The authorities debate the question of whether chewing constitutes “eating” in the Halachic sense. Hacham Ovadia Hedaya (1890-1969), in his work Yaskil Abdi, rules that chewing gum is not considered “eating,” and thus one does not recite a Beracha before he chews gum. Hacham Ovadia Yosef, however, in his work Yabia Omer (vol. 7, Orah Haim 33), disagrees, and rules that if one chews gum coated with sugar or other sweetening agent, he must recite the Beracha of She’hakol. By the same token, it would be forbidden to chew sweet chewing gum on a fast day. One may, however, chew a substance that has no flavor, such as wax used by people wearing braces, as this certainly does not constitute “eating.”

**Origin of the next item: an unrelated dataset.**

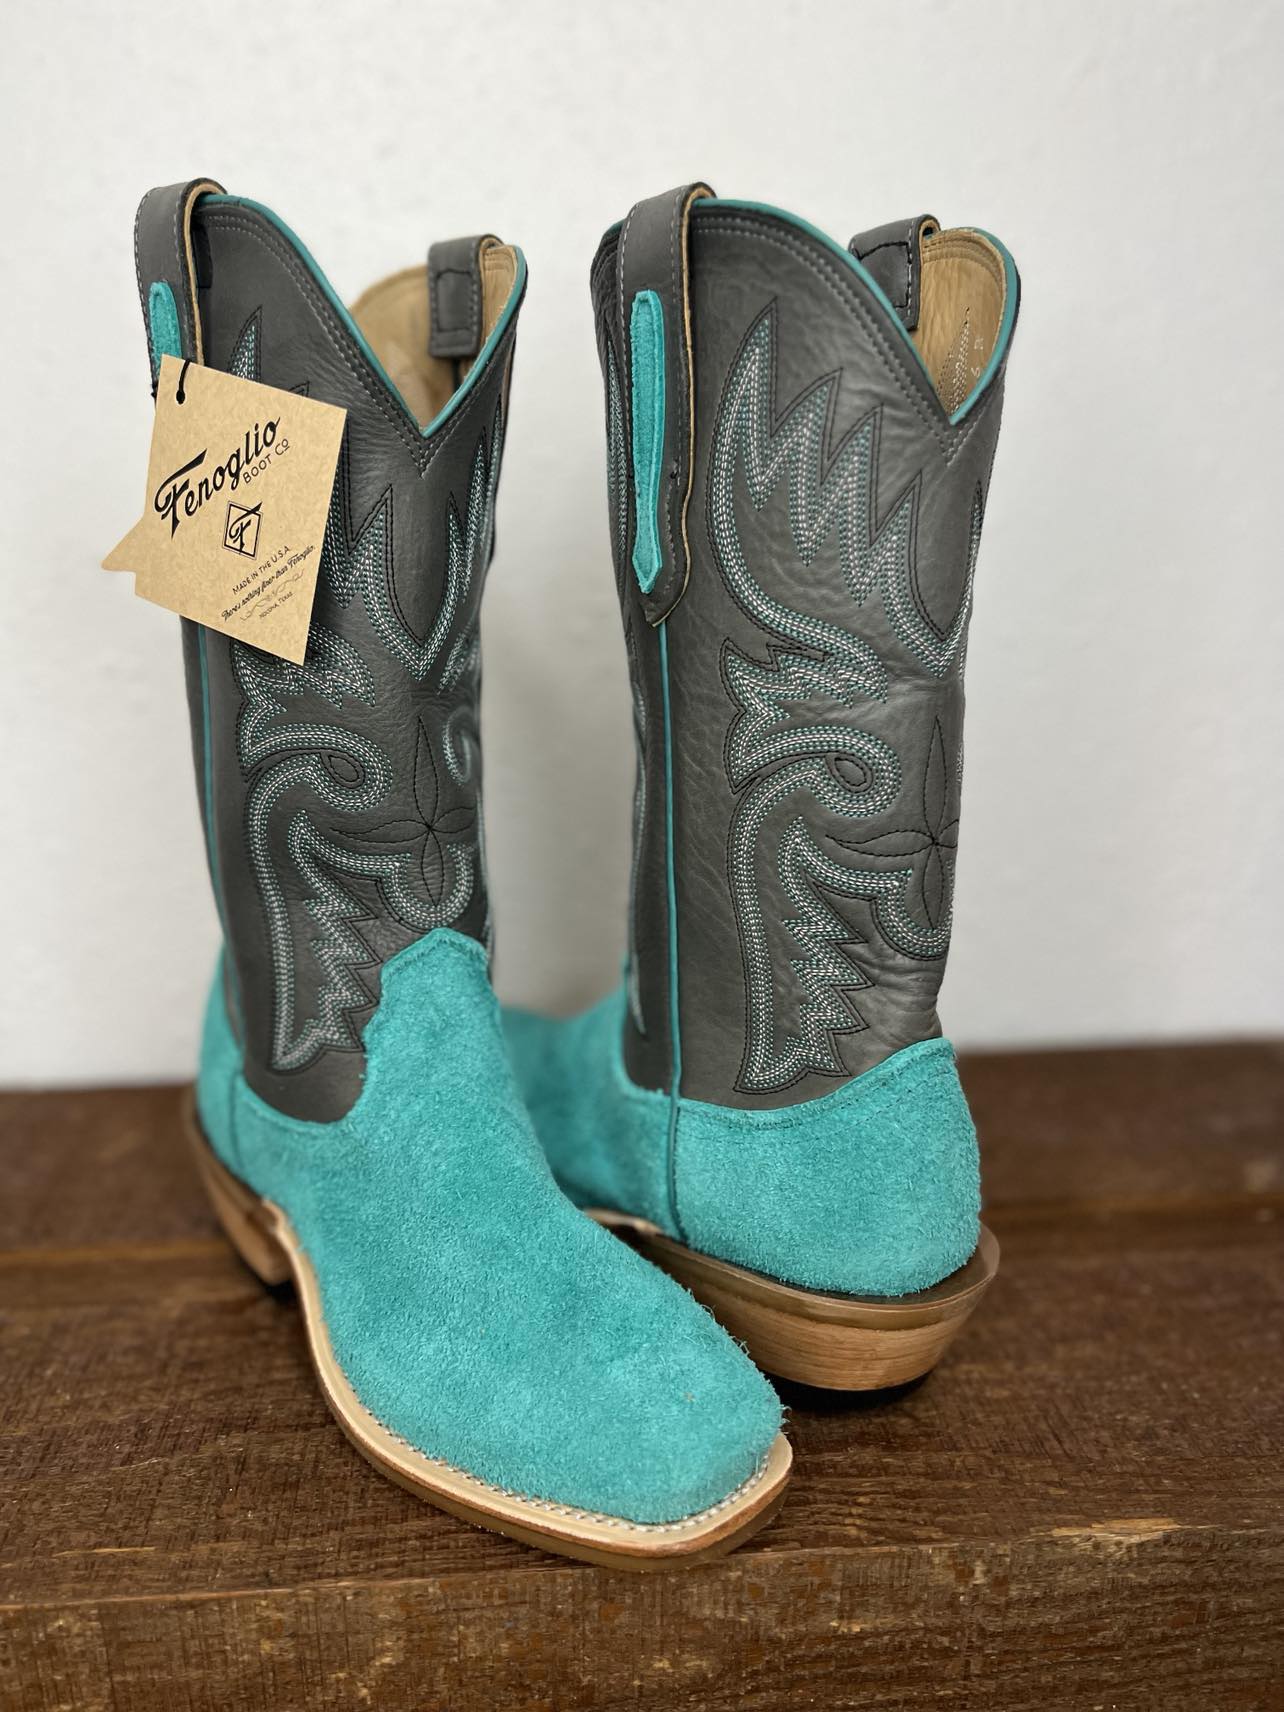 Women's Fenoglio Turquoise Moto Roughout W/ Space Grey Boots-Women's Boots-Fenoglio Boots-Lucky J Boots & More, Women's, Men's, & Kids Western Store Located in Carthage, MO

According to the of the Yaskil Abdi where you do not make a Bracha on chewing gum as it is not considered eating then you would be allowed to chew gum in the bathroom.

  • 3
    I think you still have to demonstrate why you think the parameters of what constitutes eating should be the same for making a beracha and going into the bathroom.
    – Isaac Moses
    Commented Apr 10, 2011 at 6:47
  • I agree with @IsaacMoses, this answer does not seem very relevant.
    – Izzy
    Commented Jul 18, 2021 at 14:39

See DinOnline's response to this question here where Harav Zeev Litka responds to this question based on a Minchas Yitzchok, Mishna Berura and Chazon Ish

The Minchas Chinuch 3:63 writes that one should avoid bringing any type of food into the bathroom, even when clean, whenever possible.

As long as the gum still has a flavor it would be considered food.